◆ What you need to do
An exact copy of every entry is needed, without the pictures.

(Recorded data)

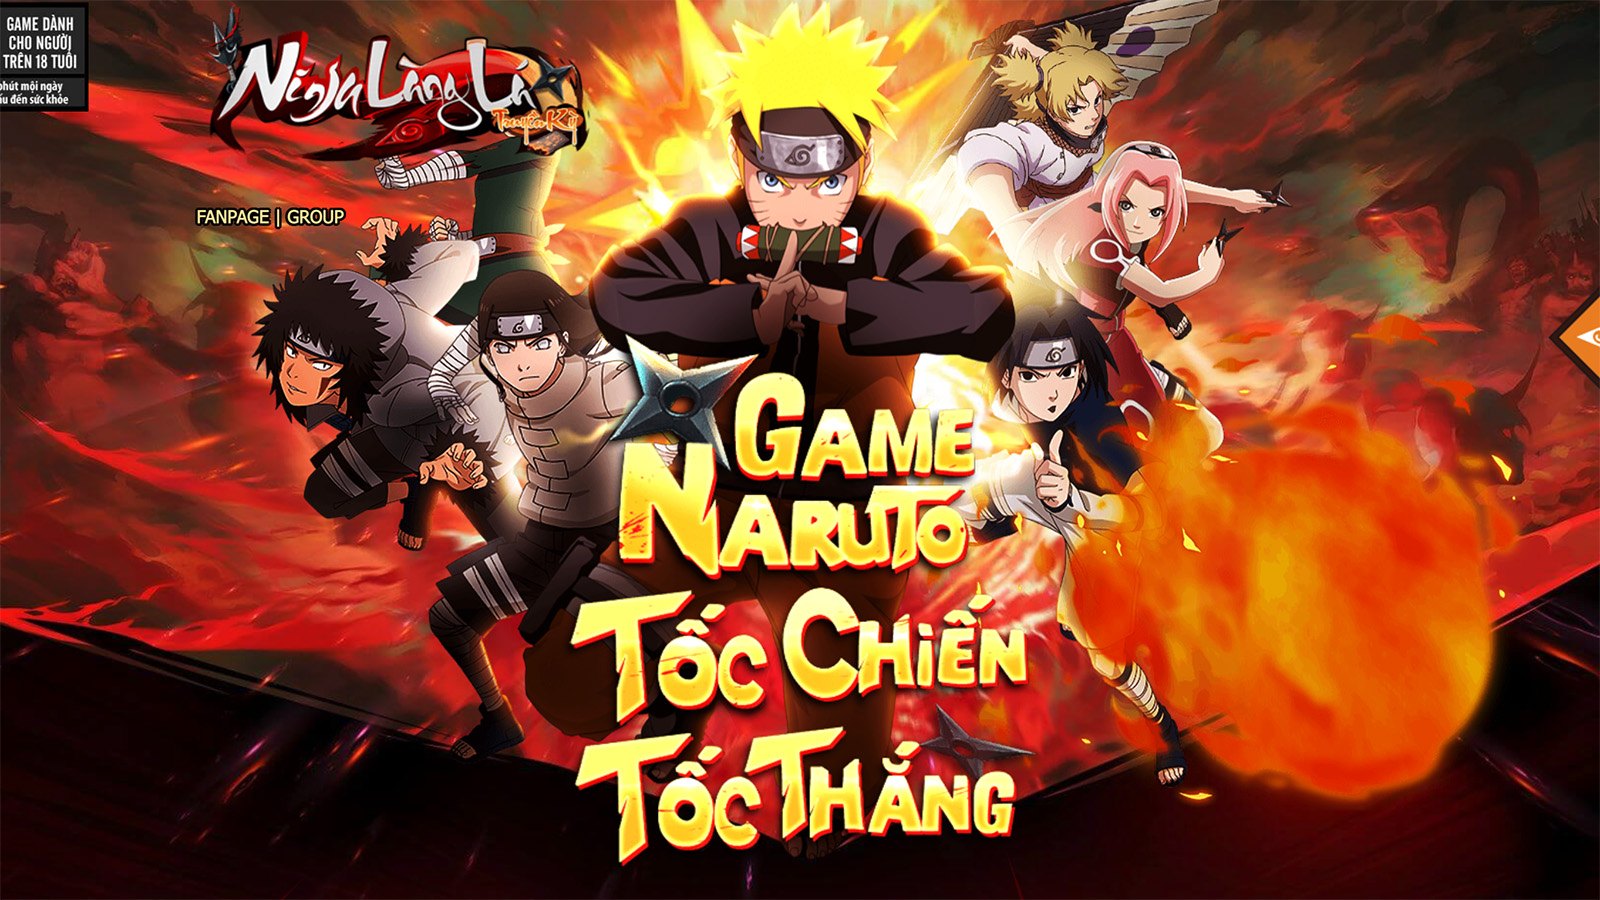 Ninja Làng Lá: Truyền Kỳ, tựa game Naruto sắp ra mắt có gì hấp dẫn?
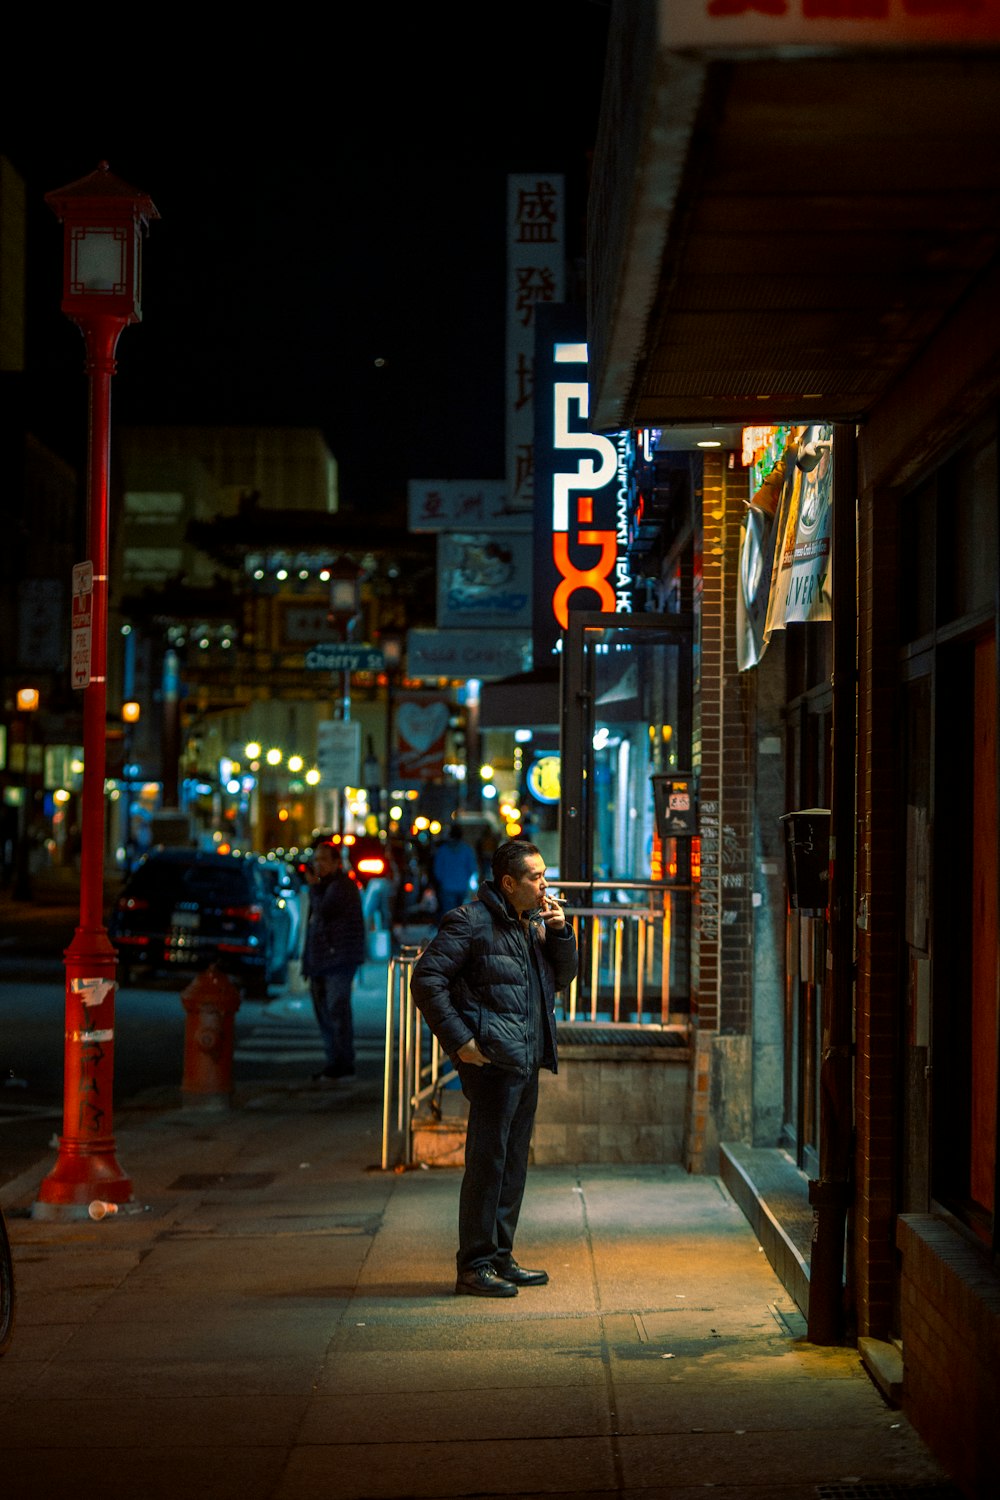 man in black jacket walking on sidewalk during night time
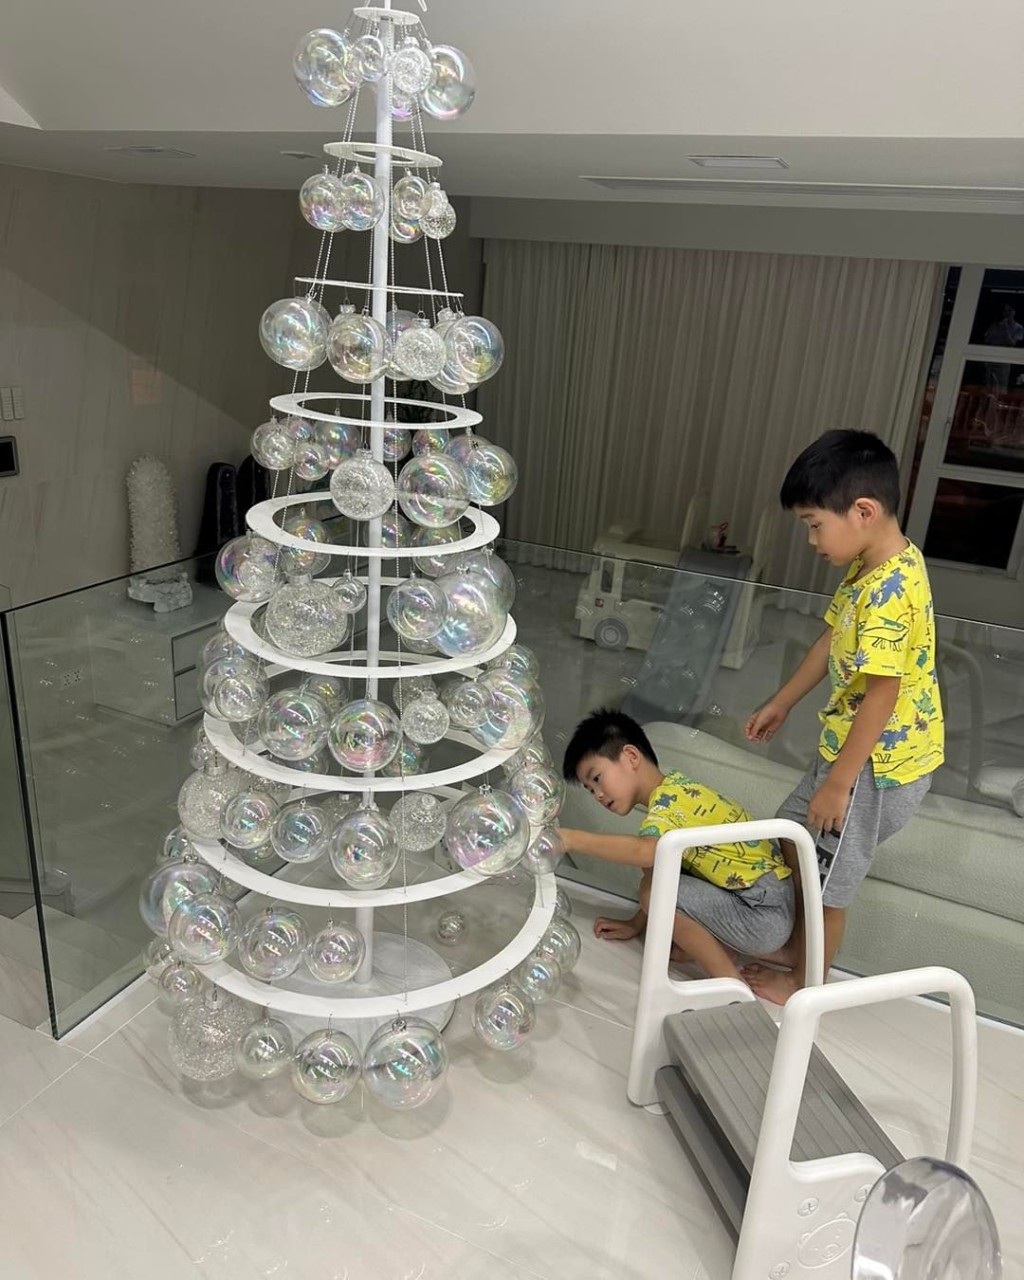 叶翠翠昨晚分享三个孩子在家中合力砌巨型圣诞树。
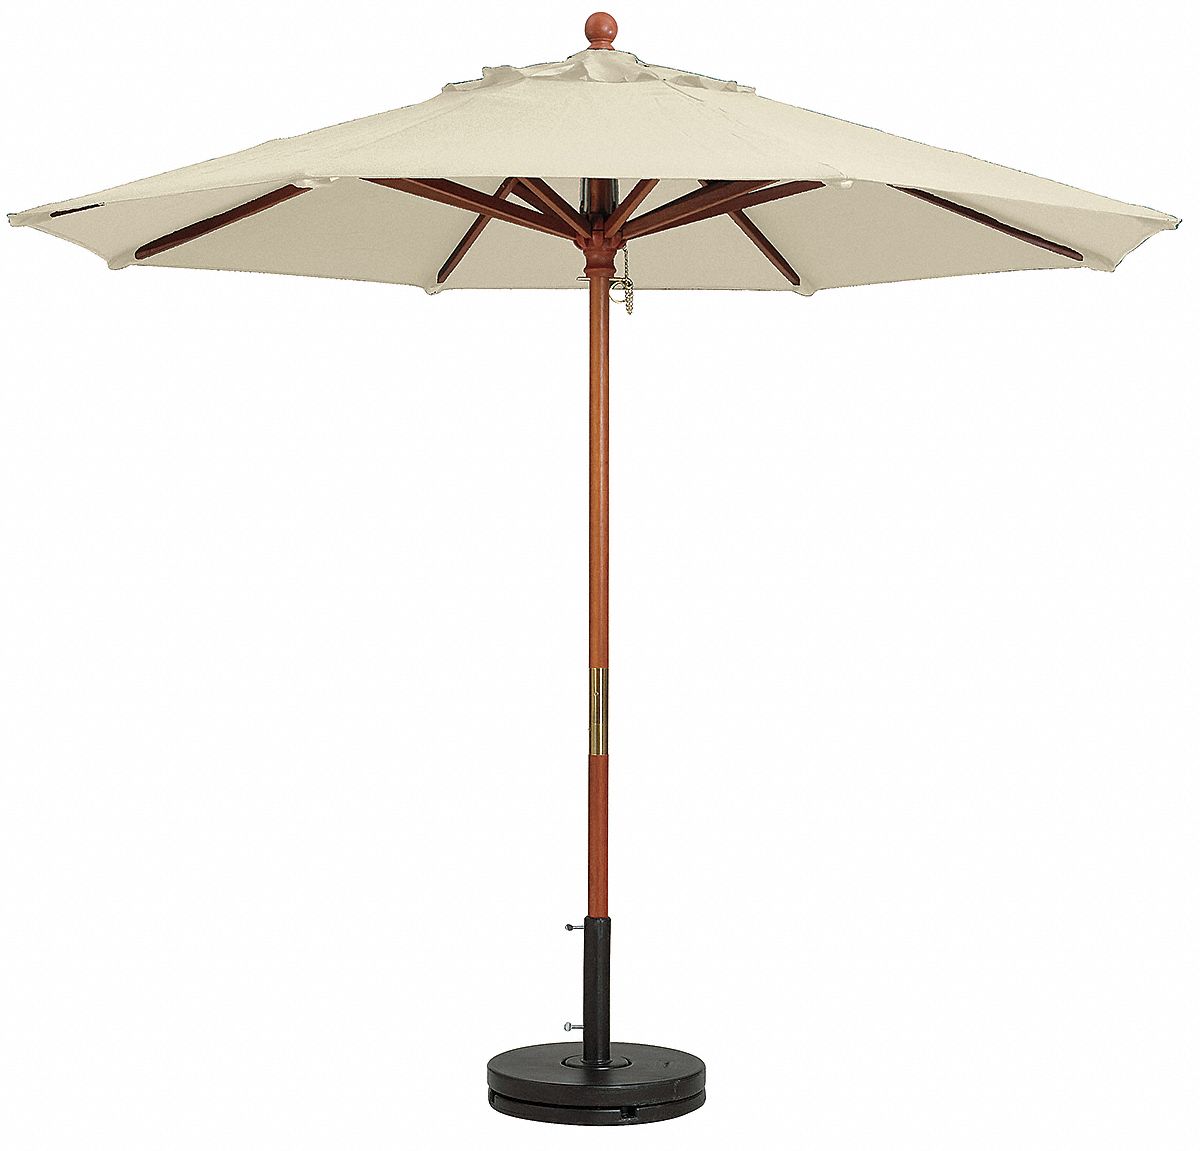 Grosfillex 7ft Wooden Market Umbrella, Wooden Market Umbrella
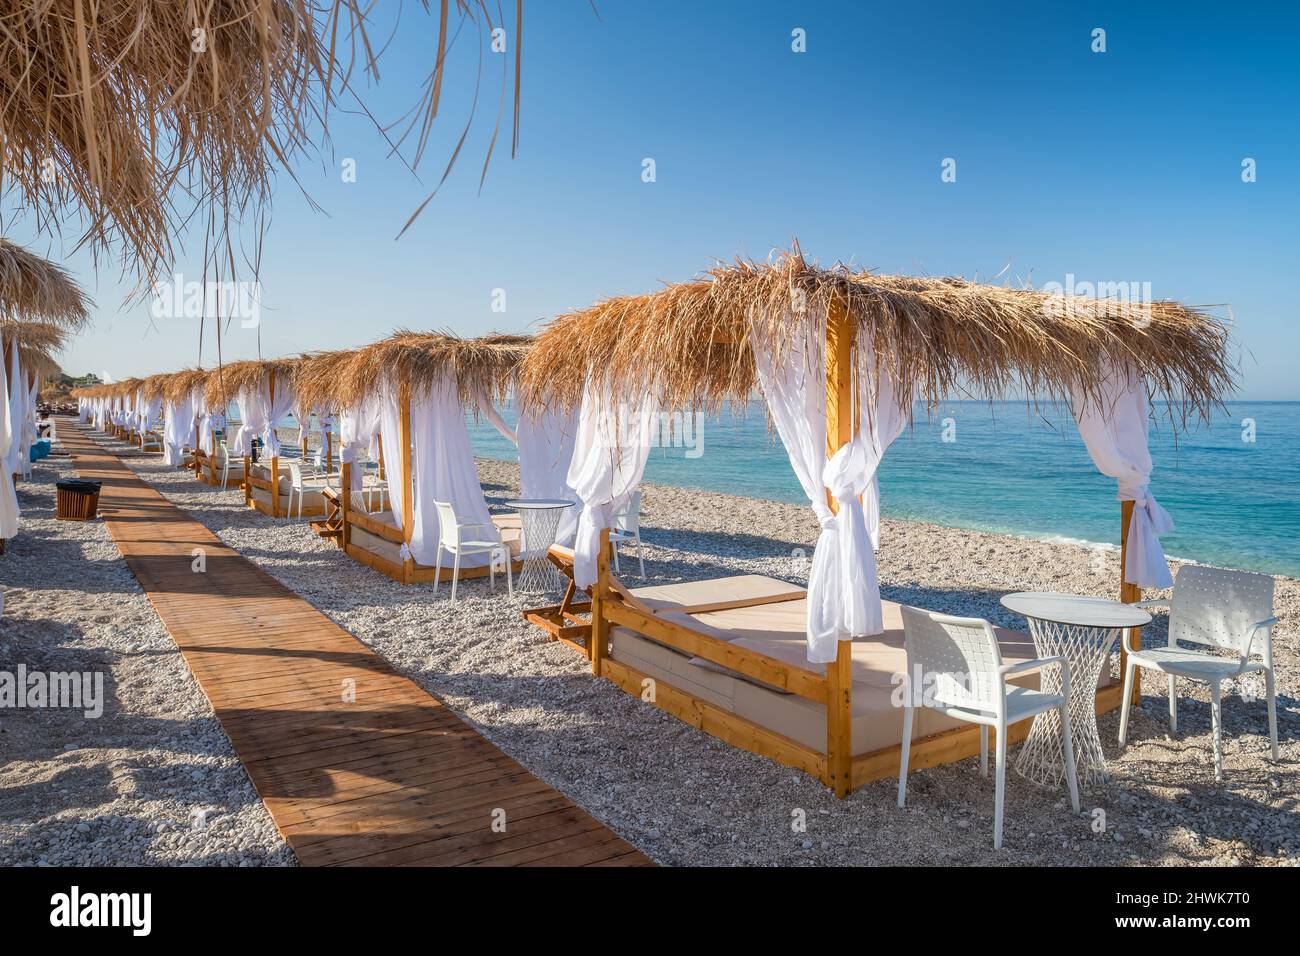 Lits de plage à baldaquin avec rideaux blancs sur une plage vide en été. Banque D'Images
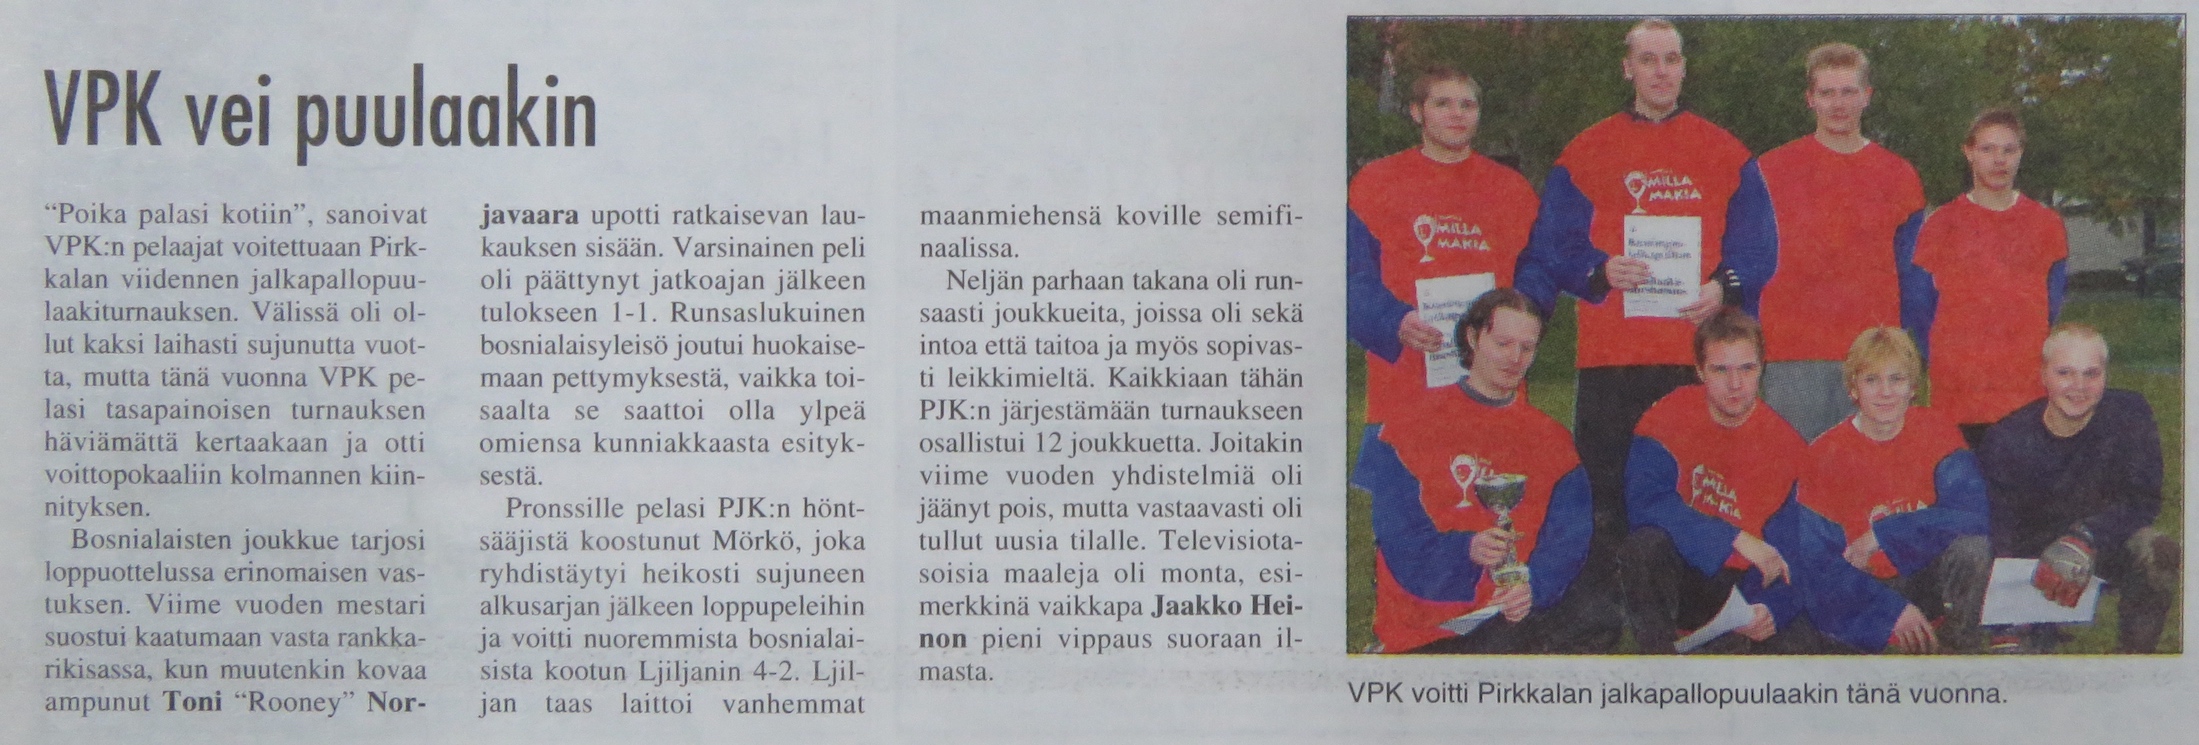 Turnausraportti Pirkkalaisessa 29.09. 2004

◆ Response
 Ninja Làng Lá: Truyền Kỳ, tựa game Naruto sắp ra mắt có gì hấp dẫn?
 man in black jacket walking on sidewalk during night time
 叶翠翠昨晚分享三个孩子在家中合力砌巨型圣诞树。
 Grosfillex 7ft Wooden Market Umbrella, Wooden Market Umbrella
 Lits de plage à baldaquin avec rideaux blancs sur une plage vide en été. Banque D'Images
 Turnausraportti Pirkkalaisessa 29.09. 2004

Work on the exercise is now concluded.